> **WORK INSTRUCTION**
I'd ask you to write out the lines below exactly, with no images.

> **AVAILABLE DATA**
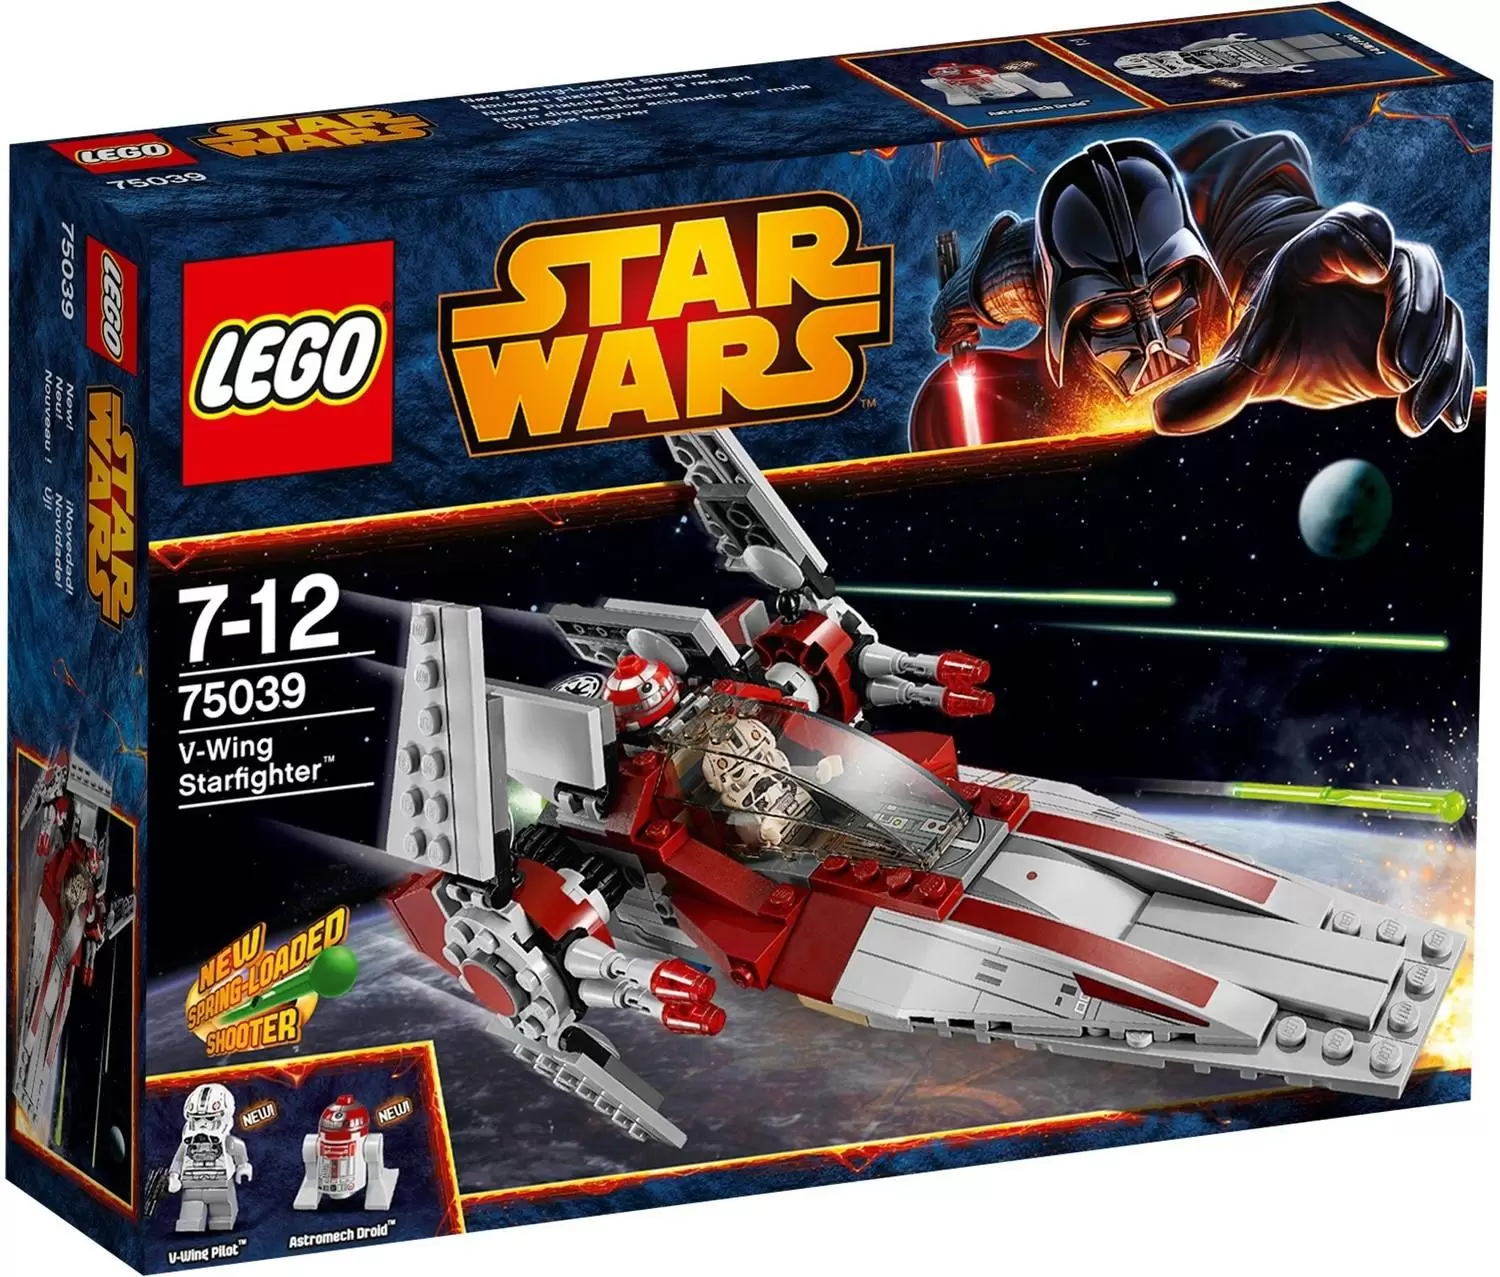 LEGO Star Wars - V-Wing Starfighter
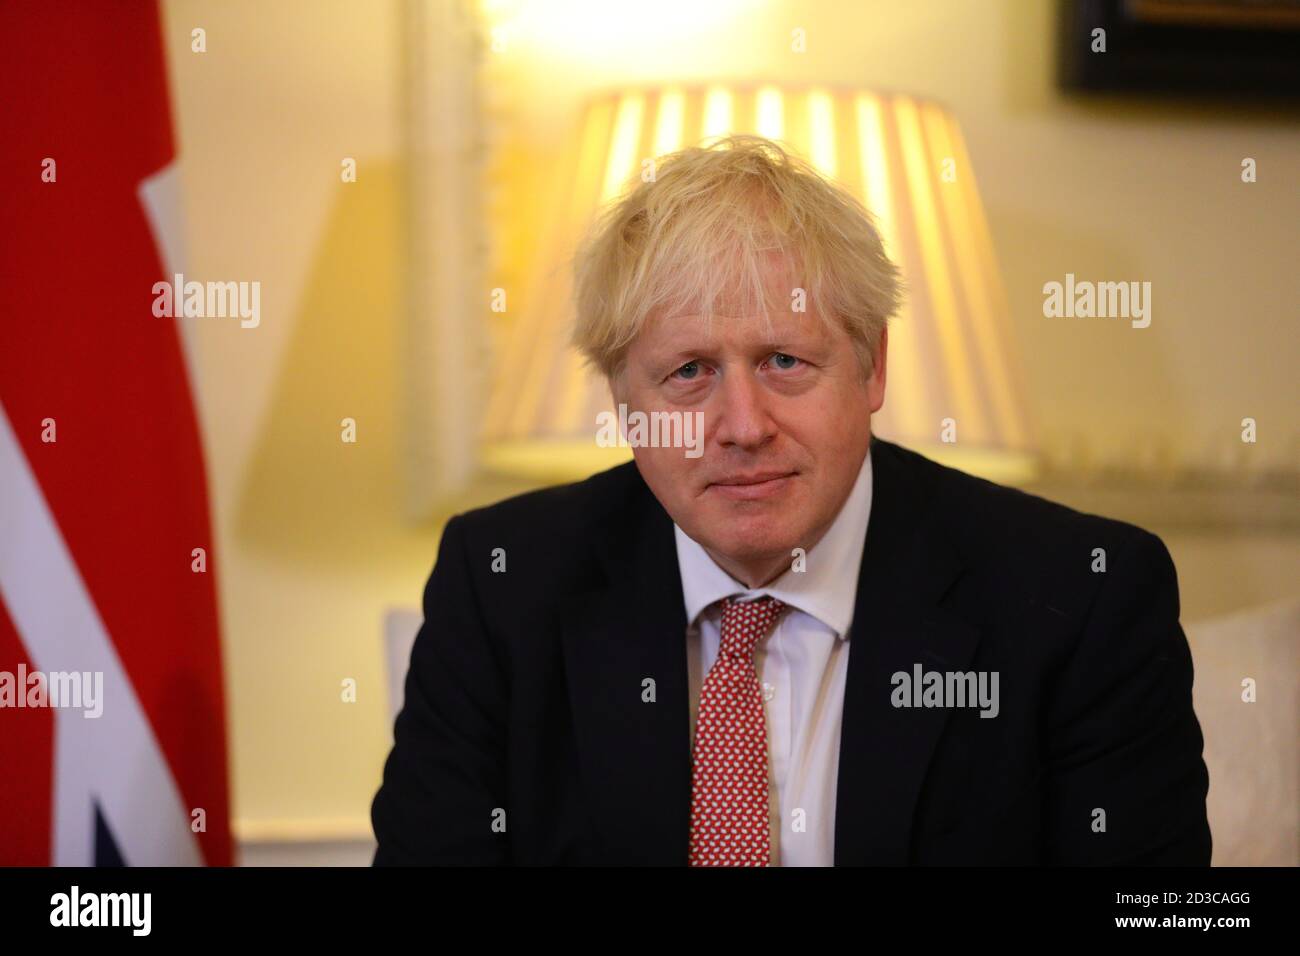 El primer ministro Boris Johnson, durante una reunión con el presidente de Ucrania, Volodymyr Zelenskyy, en Downing Street, Londres, para firmar un acuerdo de asociación estratégica con el presidente frente al "comportamiento desestabilizante" de Rusia hacia el país. Foto de stock
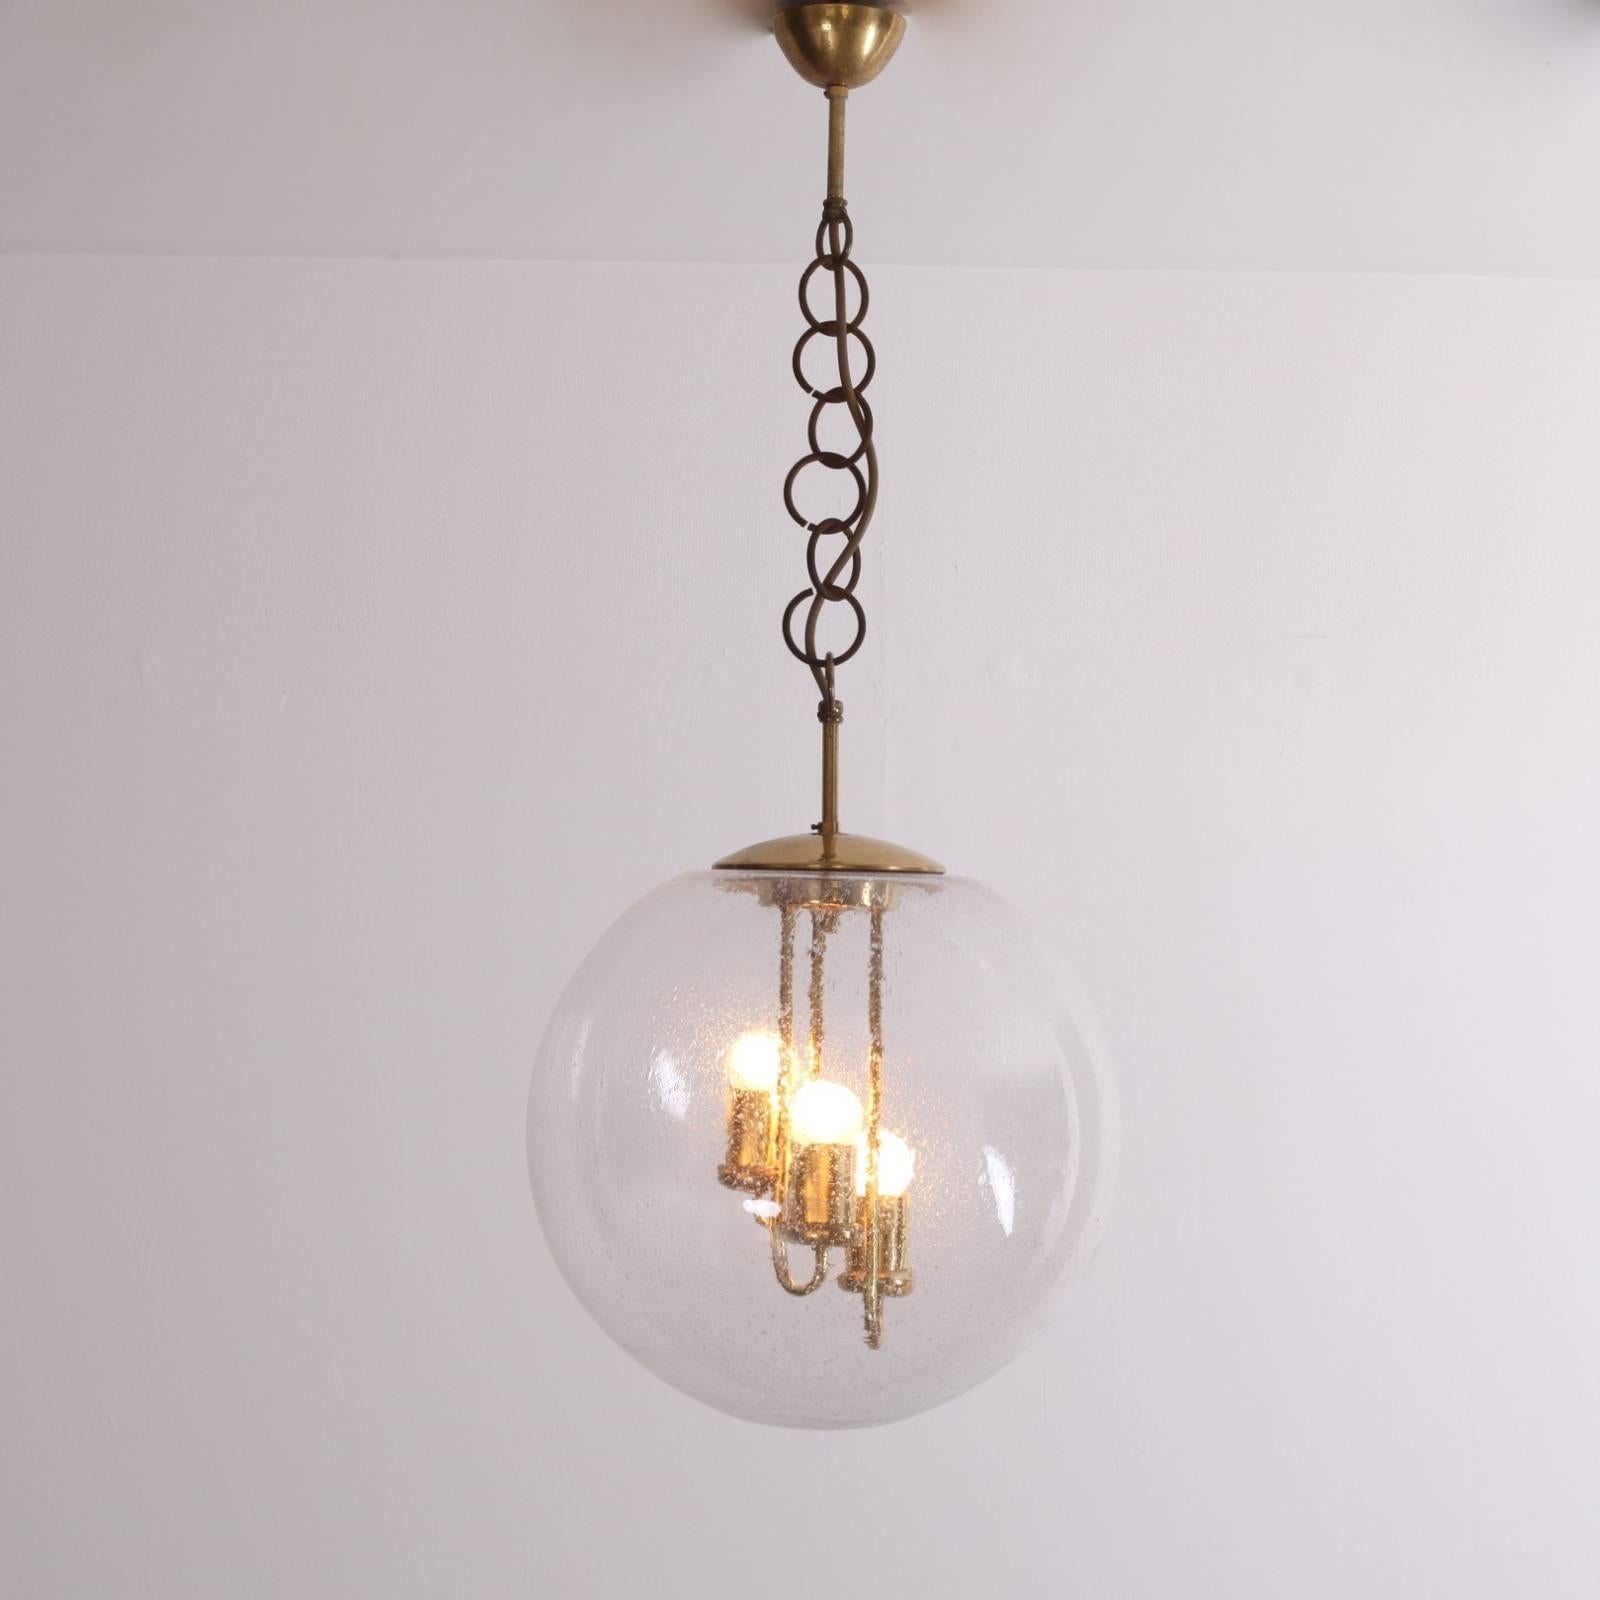 Hollywood Regency Huge Round Brass Sputnik Chandelier or Pendant Lamp by Doria For Sale

> **EXERCISE SOLUTION**
 LEGO Star Wars - V-Wing Starfighter
 El primer ministro Boris Johnson, durante una reunión con el presidente de Ucrania, Volodymyr Zelenskyy, en Downing Street, Londres, para firmar un acuerdo de asociación estratégica con el presidente frente al "comportamiento desestabilizante" de Rusia hacia el país. Foto de stock
 Hollywood Regency Huge Round Brass Sputnik Chandelier or Pendant Lamp by Doria For Sale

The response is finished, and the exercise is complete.